0

我有一长串边缘 ID(大约 120 亿个),我愿意从我的 Titan 图(托管在 HBase 后端)中删除它们。

我怎样才能快速有效地做到这一点?

我尝试通过 Gremlin 去除边缘,但这对于那么多边缘来说太慢了。

是否可以直接在 HBase 上执行 Delete 命令?我该怎么做?(如何组装要删除的密钥?)

谢谢

4

1 回答 1

1

经过两天的研究,我想出了一个解决方案。

主要目的 - 给定一个非常大的字符串集合edgeIds,实现将它们从图中删除的逻辑 - 实现必须支持删除数十亿条边,因此它必须在内存和时间上高效。

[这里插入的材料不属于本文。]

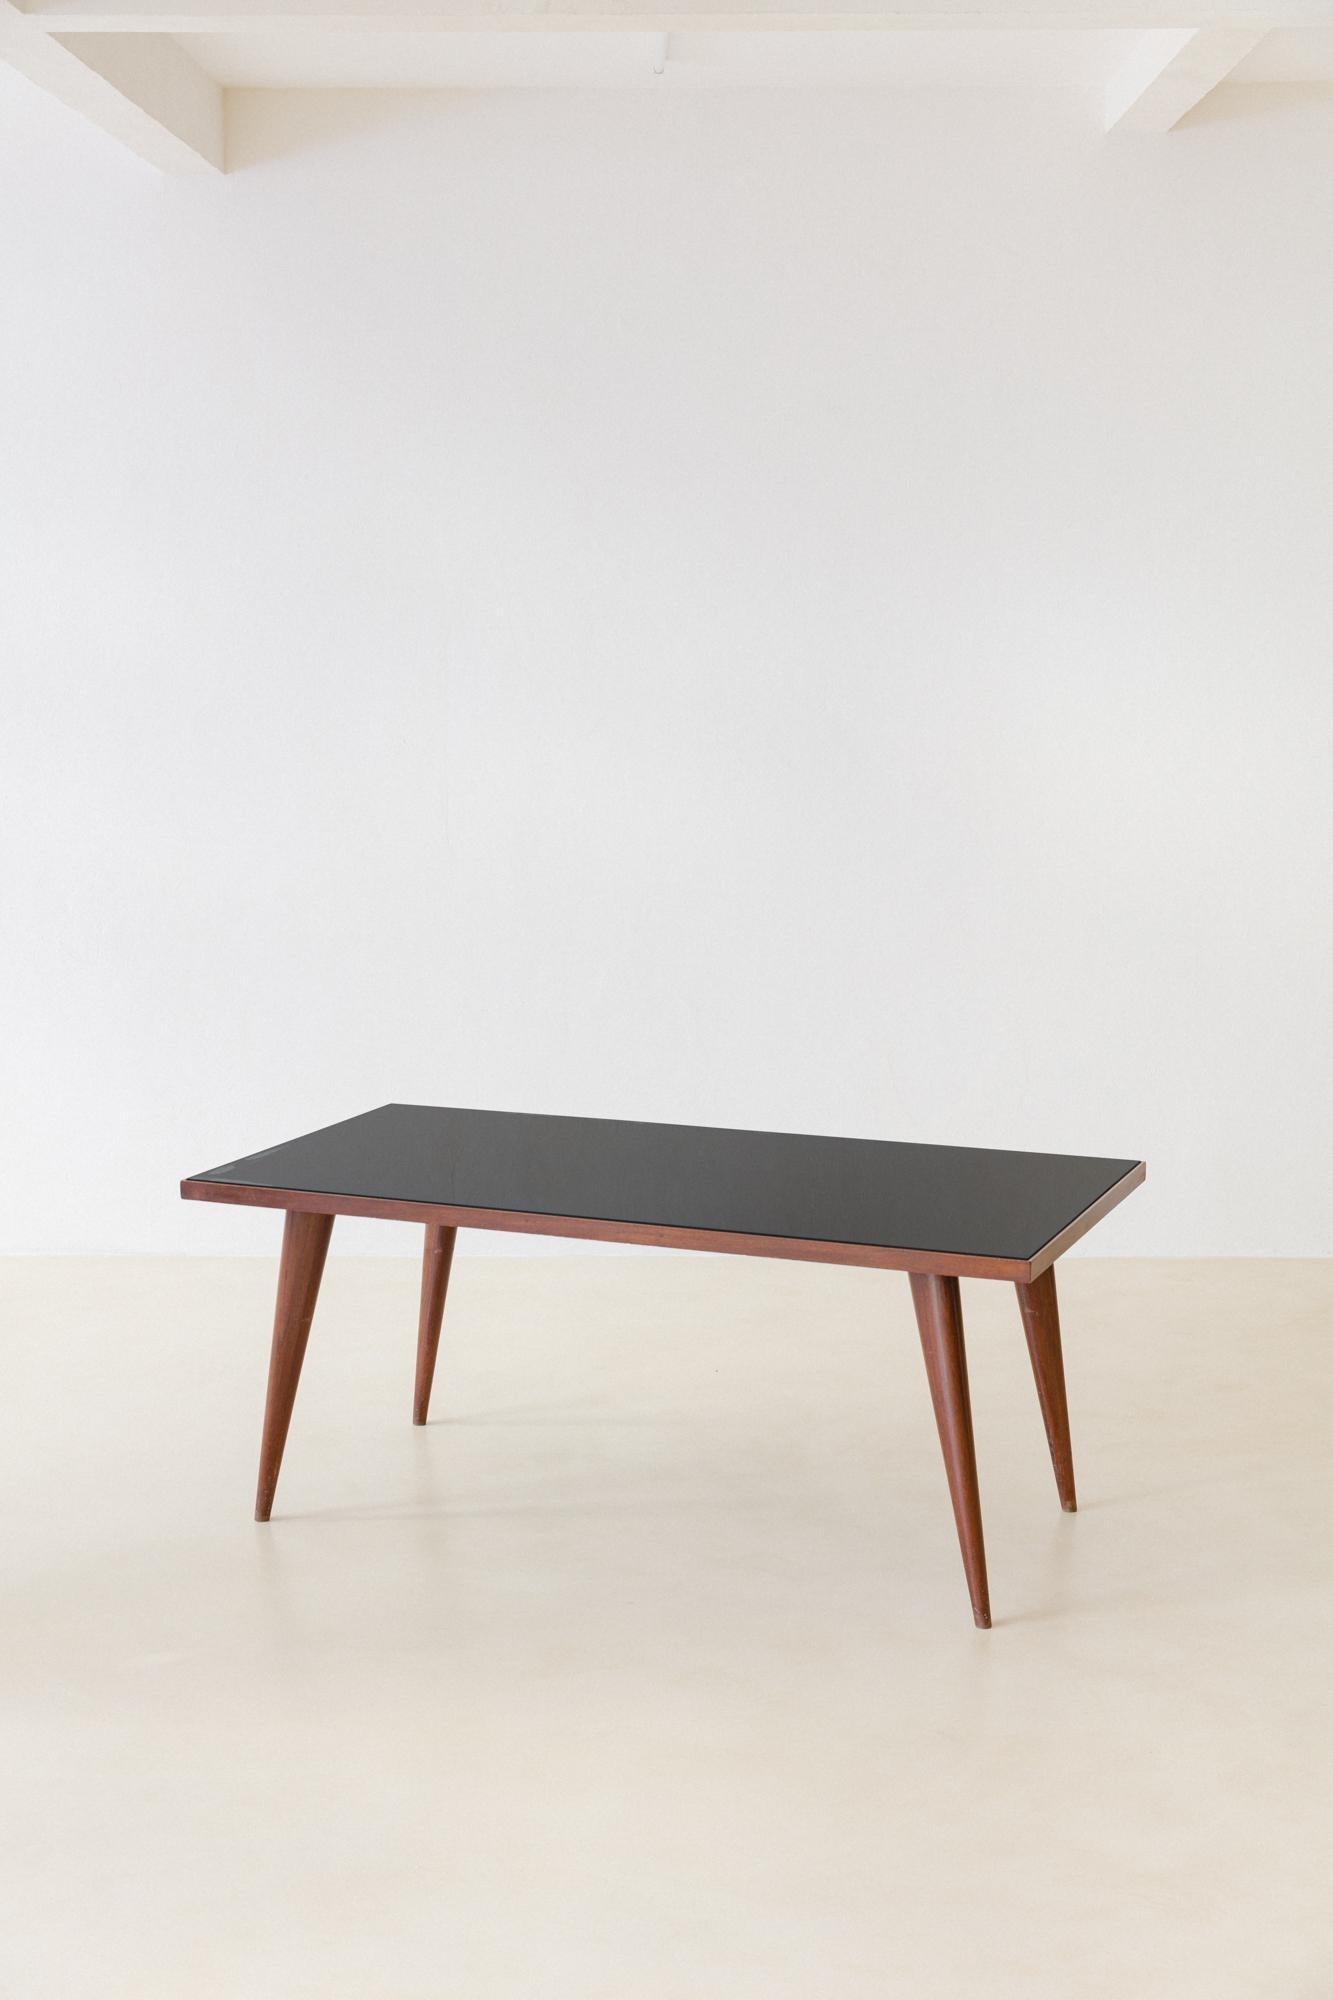 Mid-Century Modern Rosewood Dining Table with Glass Top, Joaquim Tenreiro, 1947, Midcentury Brazil For Sale

直接使用 Titan 是不合格的,因为 Titan 执行了许多多余的不必要的实例化——通常,我们不想加载边缘,我们只想从 HBase 中删除它们。

/**
 * Deletes the given edge IDs, by splitting it to chunks of 100,000
 * @param edgeIds Collection of edge IDs to delete
 * @throws IOException
 */
public static void deleteEdges(Iterator<String> edgeIds) throws IOException {
    IDManager idManager = new IDManager(NumberUtil.getPowerOf2(GraphDatabaseConfiguration.CLUSTER_MAX_PARTITIONS.getDefaultValue()));
    byte[] columnFamilyName = "e".getBytes(); // 'e' is your edgestore column-family name
    long deletionTimestamp =  System.currentTimeMillis();
    int chunkSize = 100000; // Will contact HBase only once per 100,000 records two deletes (=> 50,000 edges, since each edge is removed one time as IN and one time as OUT)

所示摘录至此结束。